Por último, caberá ao curador uma função de protecção do doente mental. Nesta ordem de ideias, sempre que venha ao conhecimento do curador que certa pessoa tira ou pretende vir a tirar vantagens da situação mental do doente, deverá, além de comunicar o facto ao Ministério Público, se foi caso disso comunicar oficialmente à pessoa em causa o estado mental do doente. Com isso preencher-se-á uma condição de que o artigo 335.º do Código Civil faz depender a possibilidade de anulação futura de actos e contratos celebrados por demente não interdito - ser o estado de demência conhecido da outra parte. Se o recipiente da comunicação persistir em praticar o acto e se dele resultar grave prejuízo patrimonial para o demente, atribui-se ao curador legitimidade para, em nome do doente, propor a acção de anulação.

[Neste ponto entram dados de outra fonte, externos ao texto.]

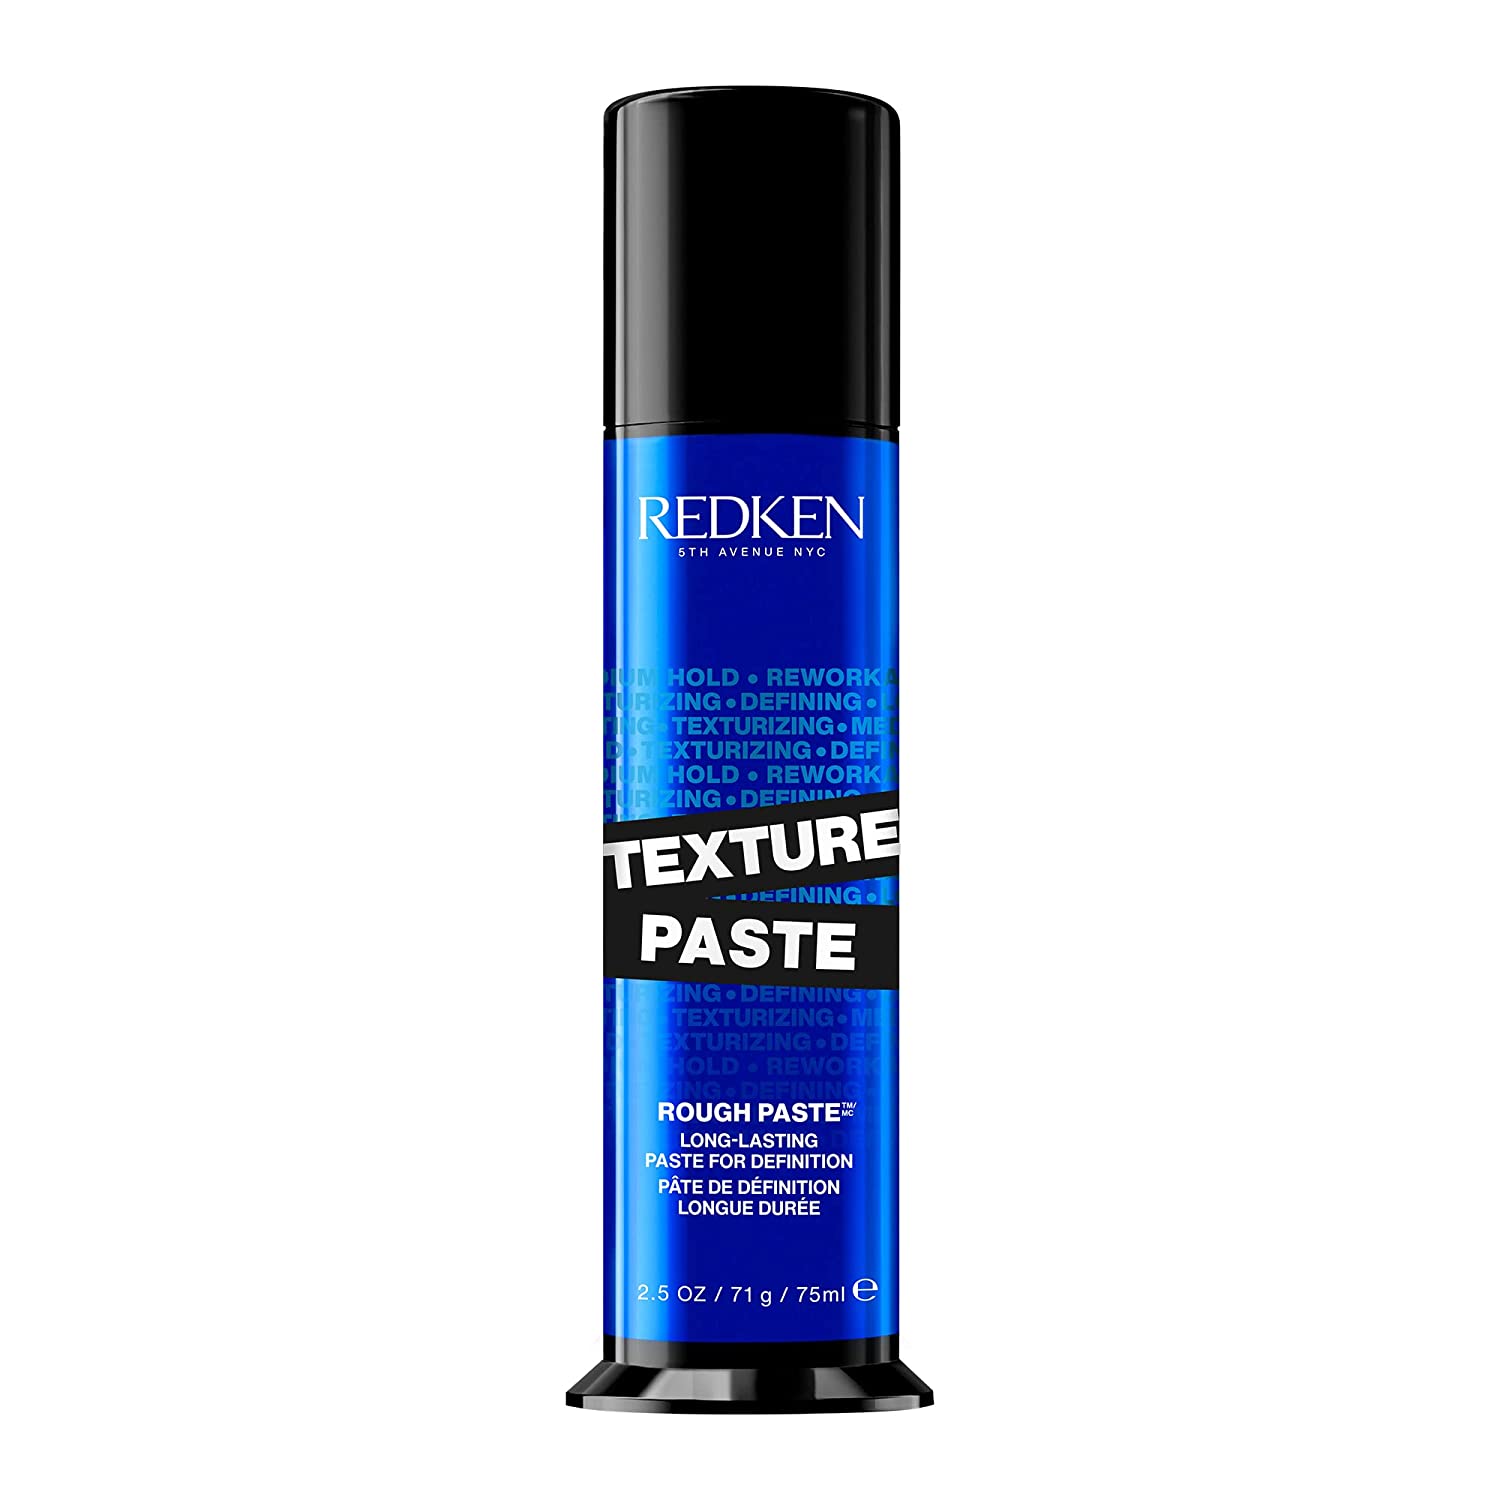 Redken Texture Paste Long-Lasting Styling Paste for Definition | For All Hair Types | Adds Long-Lasting Texture & Definition | Flexible Control | Ragged & Deconstructed Styling | Medium Hold 2.5 Oz - image 1 of 2

Por último, a função de esclarecimento e concelho traduz-se (como a designação indica) no poder-dever de esclarecer e aconselhar todos aqueles a quem certo caso de doença mental levanta problemas de carácter jurídico patrimonial ou pessoal (e esperamos mesmo que problemas de carácter moral se aqueles que forem investidos nestes cargos de curador cuja criação a Câmara ora propõe entenderem a sua função como verdadeiramente um múnus público).

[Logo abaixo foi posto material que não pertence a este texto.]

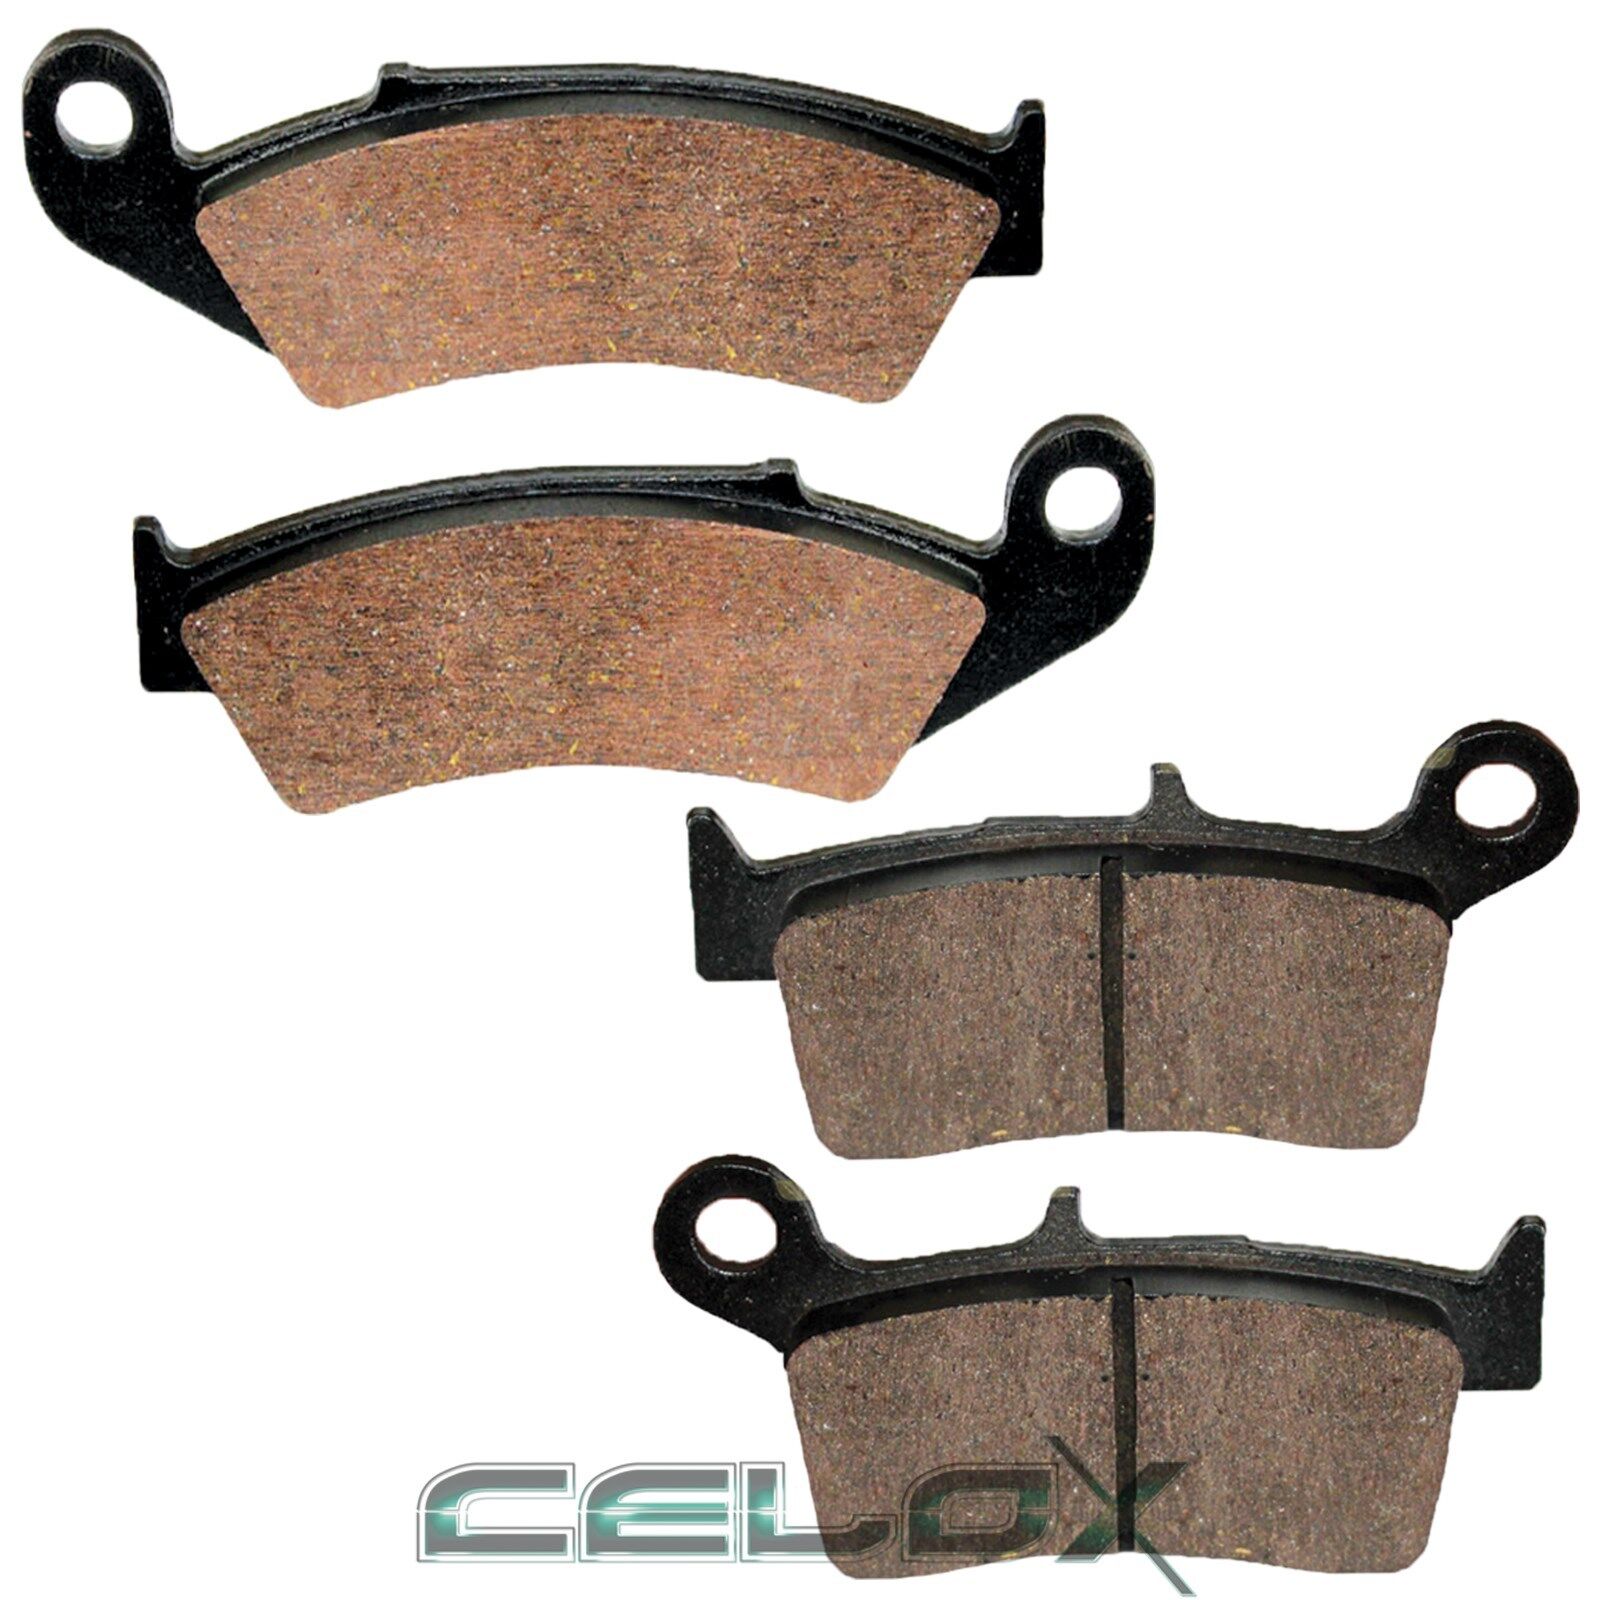 Front Rear Brake Pads for Yamaha YZ250 Competition 250 1998 1999 2000 2001 2002

Restringe-se porém a legitimidade para pedir esclarecimento ou concelho àqueles que não possam recorrer a outro consultor as pessoas cujos meios habilitem a recorrer a um advogado, ou aqueles que se possam dirigir a um consultor jurídico qualquer não parece justo que tomem o tempo do curador como os desamparados e pobres para quem ele se pretende seja o conselheiro natural.
Assim se pretende que este órgão se integre por conseguinte na rede de para-assistência (ou peri-assistência) social que deve acompanhar e rodear. Toda a assistência psico ou somático-sanitária.
Convém ainda registar que o curador pode, se o considerar conveniente, delegar as suas funções num parente próximo do doente mental desde que este se apresente como idóneo, poderia então exigir-lhe a prestação de caução (ou dispensá-la, a seu critério) e em qualquer dos casos esta delegação será sempre revogável.
Em regulamento se disciplinarão os aspectos menos importantes, aí se estabelecerão os quadros do órgão ora citado permitindo-se designadamente ao curador ter delegados sob as suas ordens nos estabelecimentos mais importantes. Por isso na base XII n.º 1, proposta pela Câmara se fala das funções de curadoria e não do curador.
Esta é a posição que a Câmara entende dever tomar quanto ao segundo dos problemas jurídicos fundamentais eliminados, o da gestão do património dos doentes mentais não feridos de incapacidade jurídica.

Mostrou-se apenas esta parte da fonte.